Onlarınki çoktan zamanı gelmiş bir fikirdi. Berlin’de de en önde gelen üyeleri arasında Hans Reichenbach ve Carl Hempel’in bulunduğu benzer bir topluluk gelişmekteydi. Aynı zamanda Cambridge’de Bertrand Russell felsefenin dünyadaki basit, metafiziksel olarak temel varlıklara kadar inen mantıksal bir analizle ilerlemesi gerektiğini savunuyordu. Ancak Russell’ın Viyanalı öğrencisi Ludwig Wittgenstein, çoğunlukla Birinci Dünya Savaşı sırasında, sonunda esir düştüğü tehlikeli Doğu ve İtalyan cephelerinde kaleme aldığı kitabıyla Çevre’nin en çok ilgisini çeken kişi olmuştu.
Wittgenstein’ın Tractatus Logico-Philosophicus’u olağanüstü ve son derece zor bir eserdi – dil ve gerçeklik arasındaki ilişkiyi tam olarak belirlemeye yönelik bir girişimdi. Dil, tıpkı bir resim gibi, nesneleri belirli bir şekilde temsil eder: Nesneler, ‘resmin unsurlarına’ ‘karşılık gelir’. Bir resmin doğru mu yanlış mı olduğunu söyleyebilmek için onu ‘gerçeklikle karşılaştırmamız’ gerekir ve bu da doğa bilimlerinin işidir: Doğru önermelerin toplamı, doğa bilimlerinin toplamıdır. Wittgenstein, söylenebilen her şeyin bu temel dilde ifade edilebileceğini ve bu dilde ifade edilemeyenin anlamsız olduğunu ilan etmişti. Tractatus’u ise şu sözlerle sonlardırdı: “Üzerine konuşulamayan hakkında susmalı.”
Schlick, Albert Einstein’a Wittgenstein’ın kitabının “yeni felsefe”nin “en derin” eseri olduğunu söylemişti. Viyana Çevresi ise bunu bir tür kurucu metin olarak kabul etti. Daha sonra ise Wittgenstein’ın ‘saçmalık’ açıklamasının kendilerinkinden farklı olduğunun farkına varmışlardı, ancak bu gerçeği göz ardı ettiler. Çevre, metafizik ve etiğin büyük bir bölümünü -yaşamın sorularını- çöpe atarken, Wittgenstein bunların temel dili aştığını ve ondan daha önemli olduğunu düşünüyordu. Ortamdaki bu gerilime rağmen Wittgenstein, Schlick’in ölümüne kadar olan süreçte Çevre’ye bağlı kalmıştı.

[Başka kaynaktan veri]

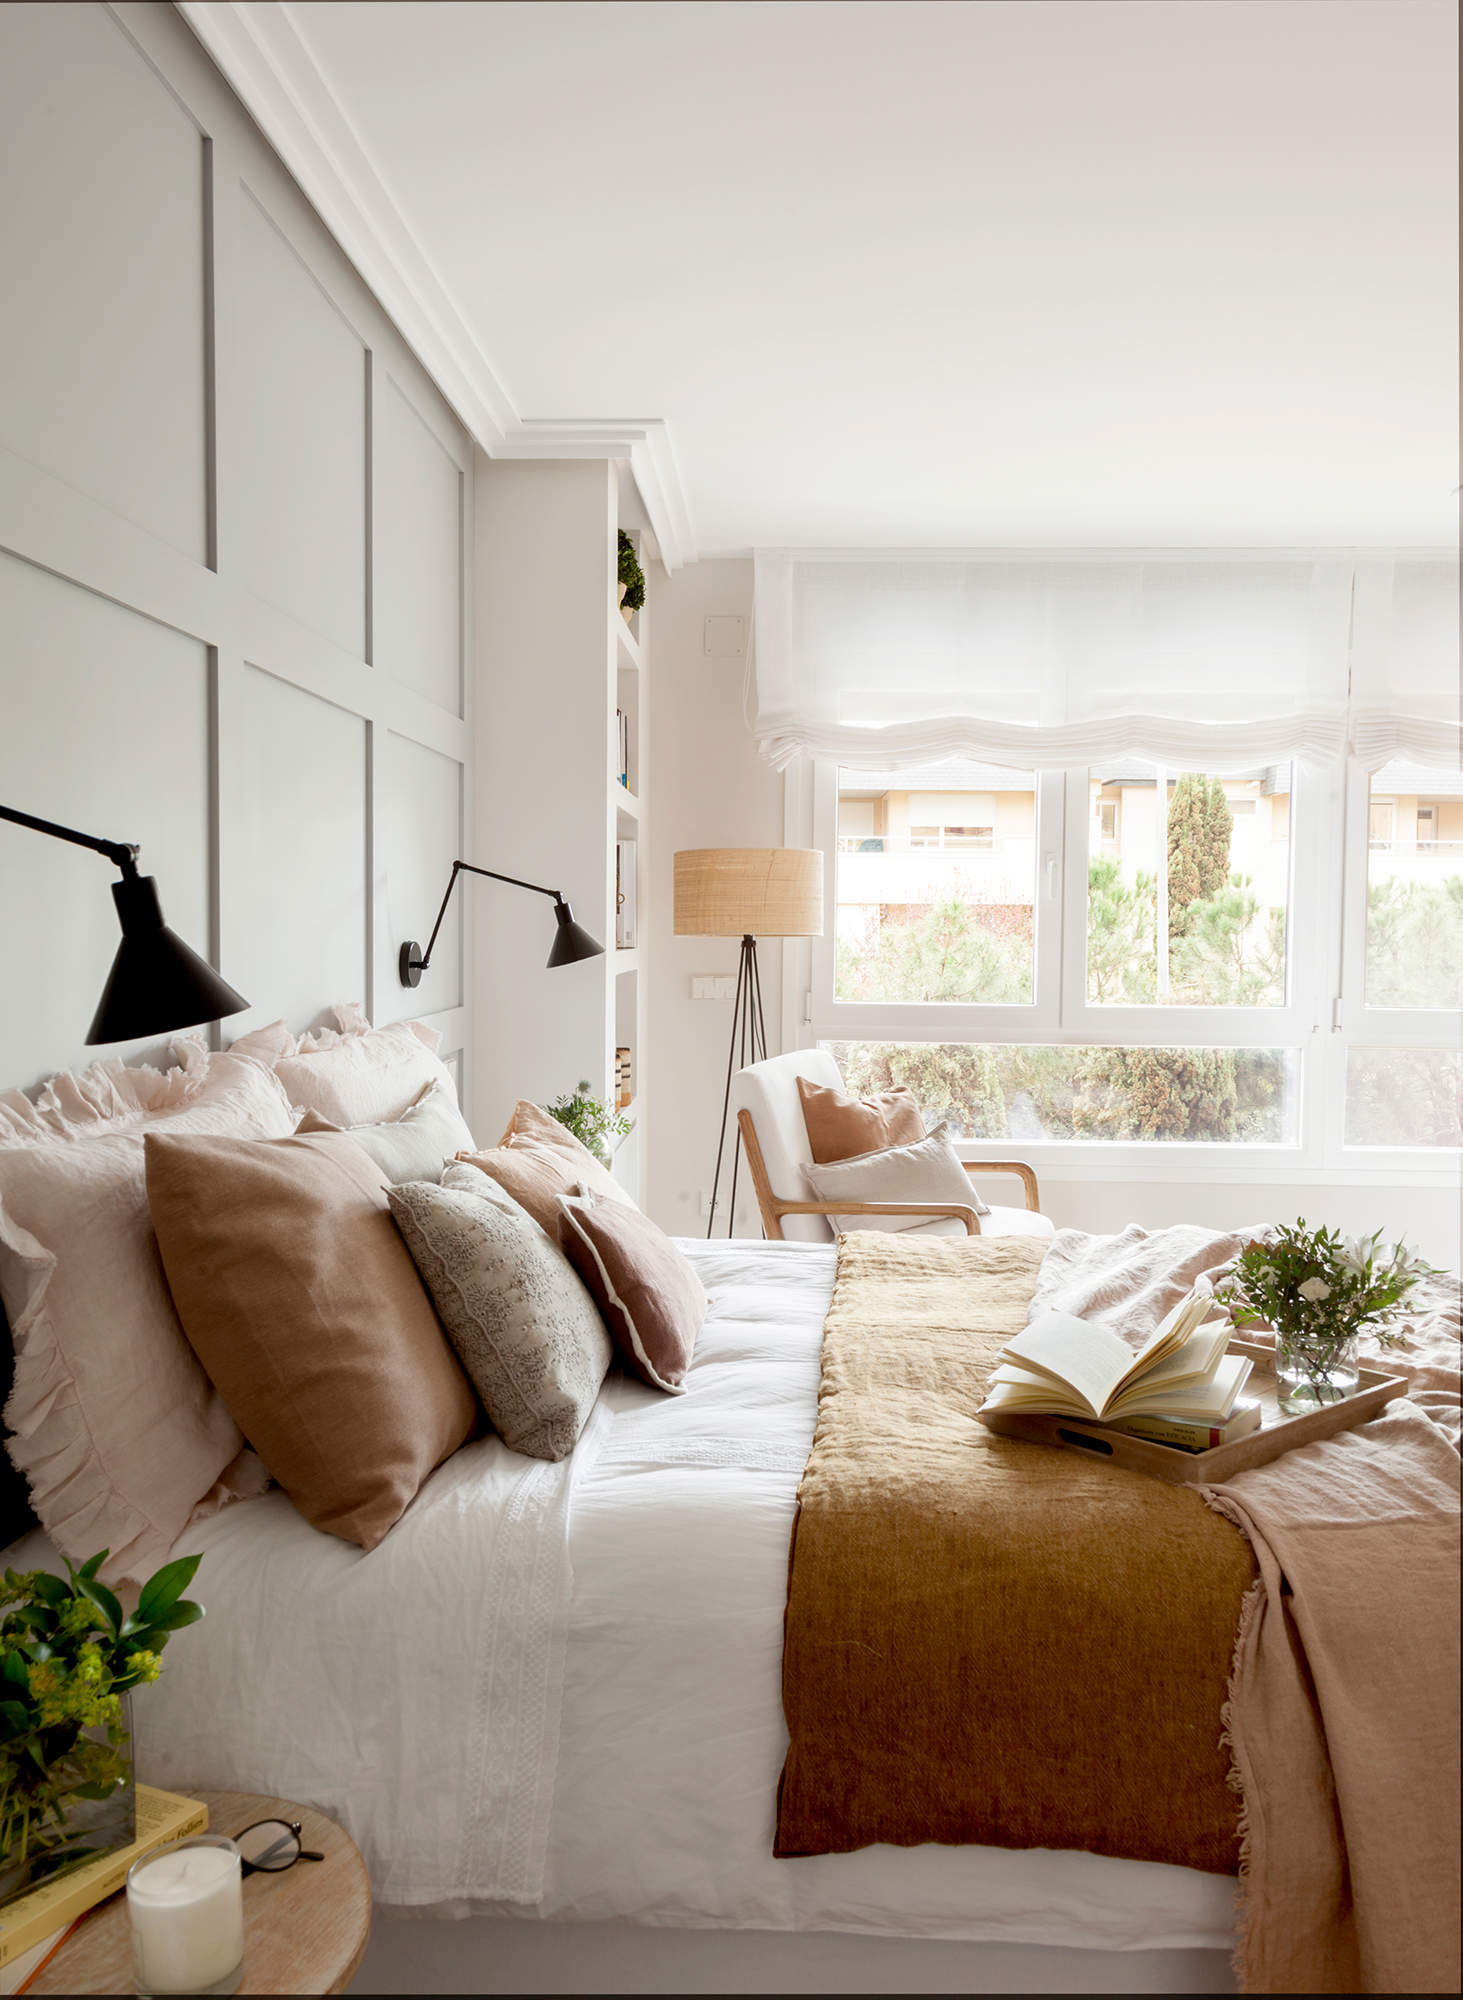 Dormitorio con pared decorada con molduras
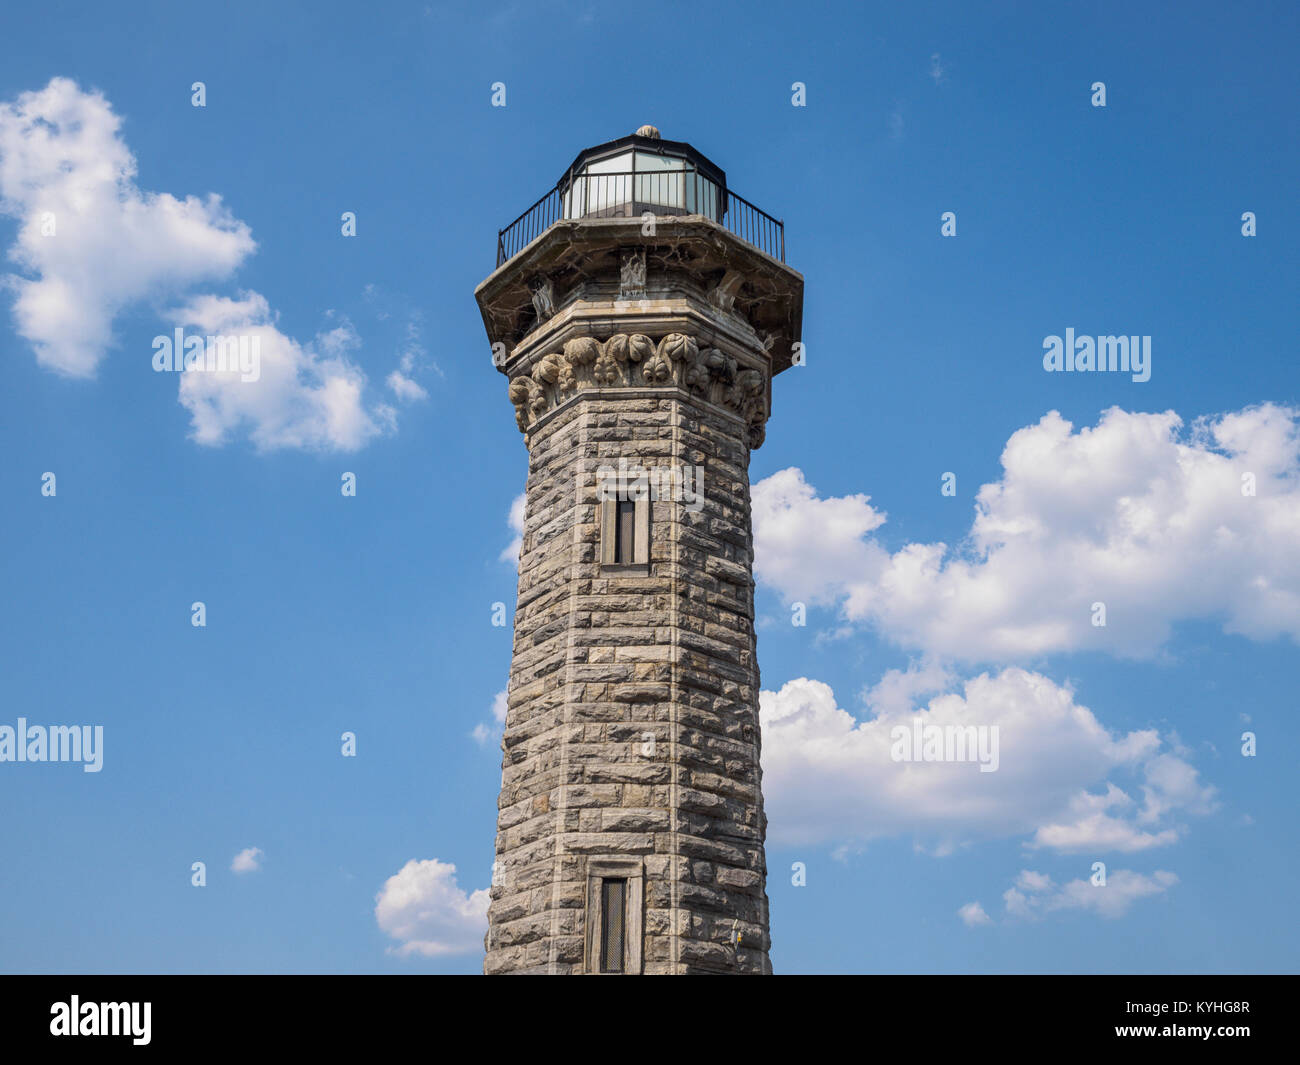 Roosevelt Island Lighthouse, New York, NY. copia uno spazio di più di questo stile gotico ottagonale di pietra Light house e ho intenzione di caricare più. Foto Stock

Savaştan sonra Russell’ın, Wittgenstein’ın el yazmasını Avrupa’dan çıkarması onun üç yılını almıştı. [Bu el yazması] ilk olarak bir Alman dergisi olan Annalen der Naturphilosophie’de (yazarı tarafından düzeltilmeden, yazım hataları ve yanlışlarla) yayınlanmış ve daha sonra bir çevirmenin eline geçmişti. Bahsi geçen çevirmen 18 yaşındaki Frank Ramsey’di[1]; Cambridge’de matematik okuyan parlak bir öğrenciydi ve öznel olasılık teorisi, karar teorisi, ekonominin iki dalı, saf matematikte Ramsey Teorisi ve çok sayıda felsefi yeniliğin öncüsü olarak ünlenecekti.
Bu dikkate değer adamın Viyana Çevresi ile olan ilişkisi, felsefe tarihindeki büyüleyici anlardan biridir. Ancak bu büyük ölçüde yanlış anlaşılmıştır. Bunu doğru bir şekilde anladığımızda, hakikat ve bilgi hakkında umut verici alternatif bir pozisyonun yolu açılır. Eğer olaylar farklı bir şekilde gelişseydi, bu ilişki Viyana Çevresi üzerinde muazzam bir etkiye sahip olabilirdi.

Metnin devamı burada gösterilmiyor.